那些老人寧願自己餓肚子,也要讓孩子吃飽,那是沒有辦法。當有機會改善自己的條件的時候,沒有誰還能堅持。
雖然這部電影是在抨擊納粹,但是也沒有人在乎。
而且,報名的人這麼多,還有一個原因就是因爲周南。
46年的冬季,是百年難遇的寒冬,英國人也無法運來足夠德國人填飽肚子的食物,無數的德國人因爲缺衣少食死去。
周南從蘇聯弄來了一萬噸糧食,三千噸留給了大衆,剩下的七千噸就在周邊地區平價販賣。
他的要價比英國的商人便宜,也不像英國人只要金銀首飾。只要是有價值的古物,哪怕是一把梳子,一個餐桌,一個首飾盒,周南都要,並且很少壓價。
七千噸糧食並不多,但是這已經周南能拿出來的全部。在幾個月前,包括現在,糧食一直是這個世界上最缺的硬通貨。
只不過現在已經暖和了,地裡長出了野菜,人們可以在地裡挖一些野菜充飢,才讓饑荒不像冬天那麼殘酷。
現在的德國人都寄希望今年的夏糧和秋糧能夠豐收,這樣才能緩和一下德國缺糧的狀態。不過看到德國因爲缺少工具,許多土地還在荒蕪,人人都不敢抱太大的希望。
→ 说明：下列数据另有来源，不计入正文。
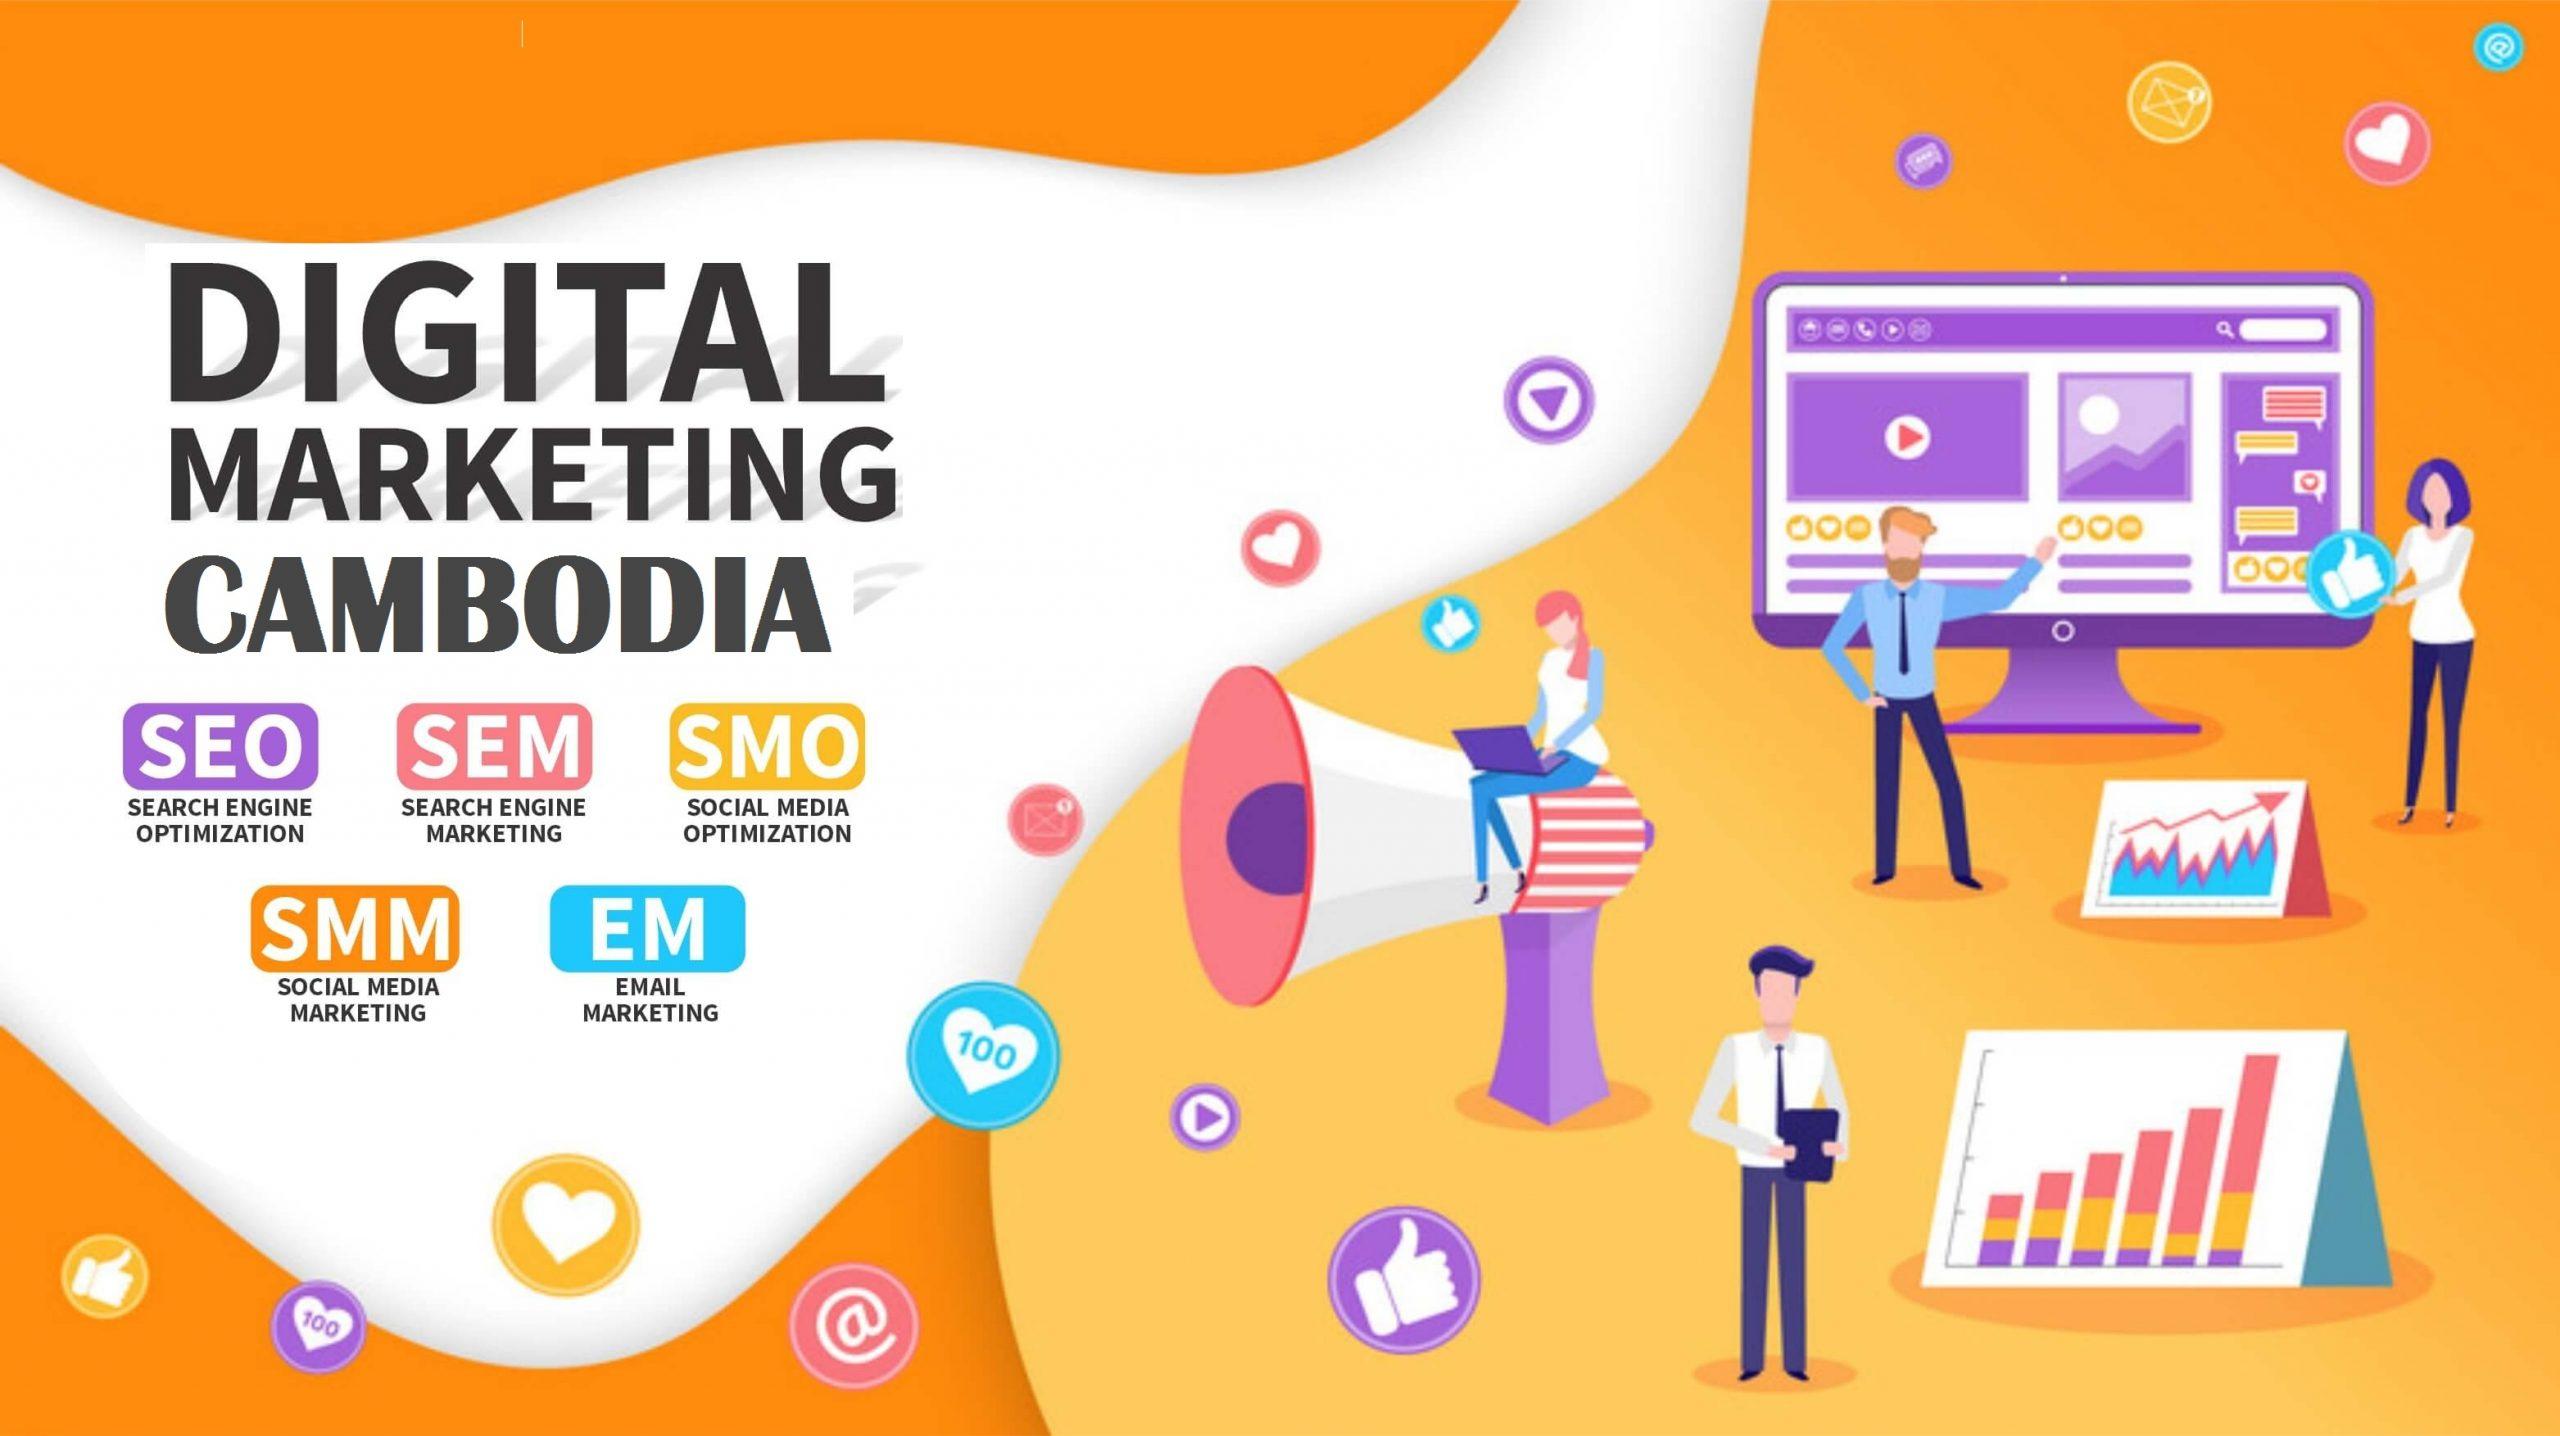 Digital Marketing Cambodia 2020

現在電影還沒有開拍,所以這裡也還沒有多少人,只有一些工人在清理集中營裡面的荒草。
製片人韋斯特和導演懷爾德對周南的到來表示了熱烈的歡迎,可惜的是,在荷蘭拍攝的膠片已經被運回美國沖洗,周南他們不能在屏幕上看到奧黛麗的形象。
不過他們都對奧黛麗的演技褒揚有加,讓奧黛麗得意之餘,也有些不好意思,。因爲她自己也能感受到,製片人和導演都讚揚她,只有很小一部分原因真正是因爲她的演技,而主要是客套。
親眼見到影片的籌備,周南才知道,原來一部電影的拍攝,是如此的麻煩。每一個鏡頭的展現,都需要導演一點點地在現實裡找到背景,然後畫好分鏡頭劇本。
懷爾德跟一大幫人,爲了一個鏡頭該如何拍攝,都有可能爭執半天。許多專業術語,周南根本聽不明白。
這還是沒有開始拍攝之前的準備,等到拍攝的時候,每一個角色在什麼位置,做什麼動作,說什麼話,導演都必須在心裡已經確定好輪廓。
劇組離沃爾夫斯堡有將近九十公里,在這裡的拍攝預計時間要半個月。奧黛麗來到這裡,住在哪裡,生活上該如何安排,都要確定好。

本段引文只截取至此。